Он не видел того, что с первого взгляда постиг Рамакришна, – что он сам был игрою бога.
Он услышал о Парамахансе. Ему хотелось посмотреть на него, как на какого-нибудь диковинного зверя на ярмарке. Он был пьян: при первой встрече он оскорбил его. Рамакришна спокойно и насмешливо сказал ему:
– По крайней мере пейте во славу бога! Может быть, он тоже пьет…
Пьяница, разинув рот, воскликнул:
– Откуда вы это знаете?
– Если бы он не пил, как бы он мог создать этот сумбурный мир?
Гириш был потрясен. Когда он ушел, Рамакришна тихо сказал своим изумленным ученикам:
– Он очень благочестив к господу.
По просьбе Гириша он пошел посмотреть на его игру в театре в Калькутте. Гириш был тщеславен и добивался похвалы. Рамакришна сказал ему.
– Мой сын, ваша болезнь – горбатая душа.
Взбешенный Гириш осыпал его бранью. Рамакришна благословил его и ушел. На следующий день Гириш стал умолять о прощении. Он привязался к Рамакришне, но никак не мог отказаться от пьянства. Рамакришна никогда этого и не требовал.

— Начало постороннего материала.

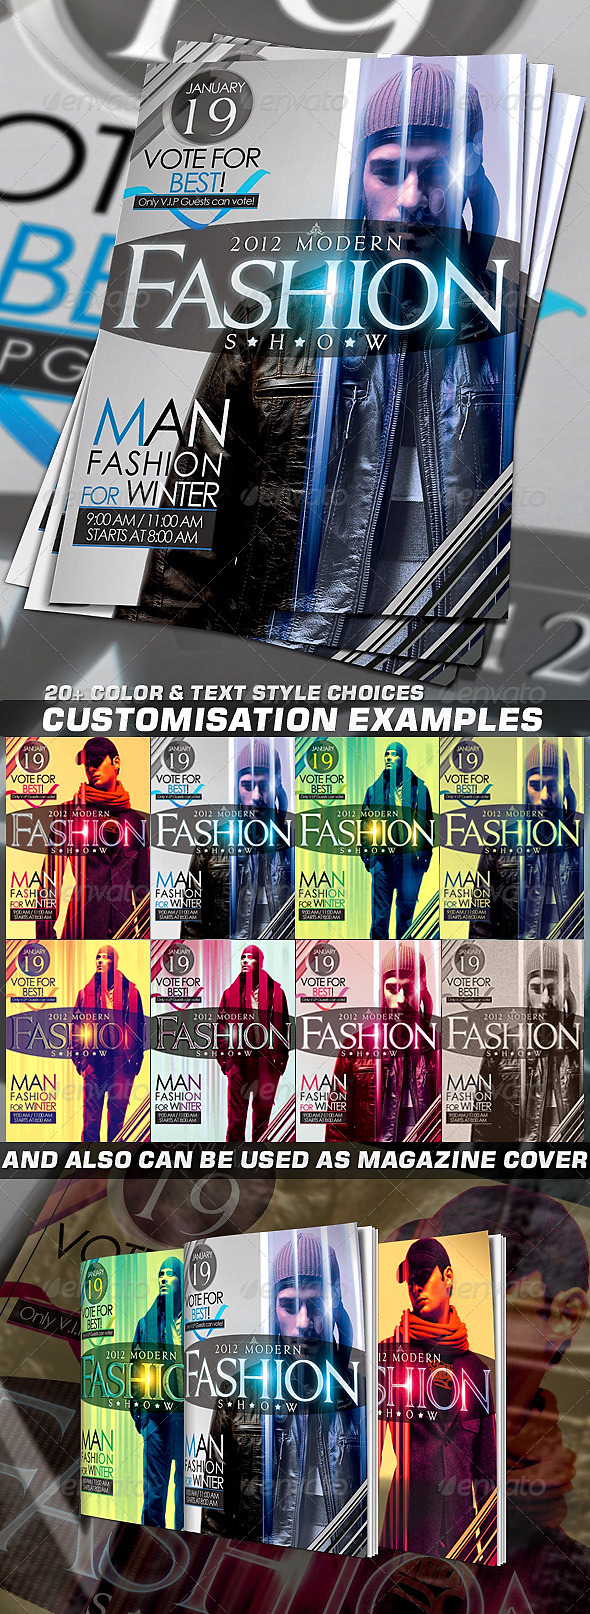 GraphicRiver Fashion Flyer or Magazine Cover Template 543255

Именно поэтому Гириш сам отказался от вина. Рамакришна внушил ему чувство свободы.
Но этого было недостаточно. Рамакришна говорил ему, что не делать зла – слишком отрицательная добродетель. Нужно приблизиться к богу. А Гириш на это не способен. Никогда он не мог подчиниться никакой дисциплине. В отчаянии он сказал, что предпочитает самоубийство размышлениям и молитве…
– Я не прошу у вас многого, – сказал Рамакришна. – Одну молитву перед едой. Одну молитву перед сном. Неужели вы и этого не можете?
– Нет. Я ненавижу рутину. Я не могу молиться, погружаться в раздумье. Я не могу думать о боге даже минуту!
– Хорошо, – сказал Рамакришна. – Если вы хотите видеть господа и если вы, однако, не желаете сделать ни одного шага к нему, то не хотите ли вы доверить это мне? Я буду молиться за вас. Продолжайте вашу жизнь!.. Но внимание! Обещайте мне жить впредь совершенно во власти божьей…
Гириш согласился, не предусмотрев всех последствий. Это означало жить без единого личного желания, во власти внутренних сил, подобно листу, колеблемому ветром, или же котенку, которого мать с таким же успехом может отнести на ложе короля, как и в ящик с нечистотами. Он должен был принять все и ни о чем не спрашивать. Это было нелегко. Гириш старался честно держать свое слово. Но однажды он сказал:
– Да, я хочу сделать это.
– Что вы сказали! – воскликнул строго Рамакришна. – У вас больше нет воли, чтобы сделать или не сделать. Вспомните, вы все доверили мне. Вы поступаете согласно тому, что хочет в вас господь. Я молюсь за вас; но мои молитвы ни к чему не приведут, если вы не откажетесь от всякой инициативы.
Гириш покорился.
И результатом этой дисциплины было то, что через некоторое время он осуществил отречение от своего «я» и был принят богом.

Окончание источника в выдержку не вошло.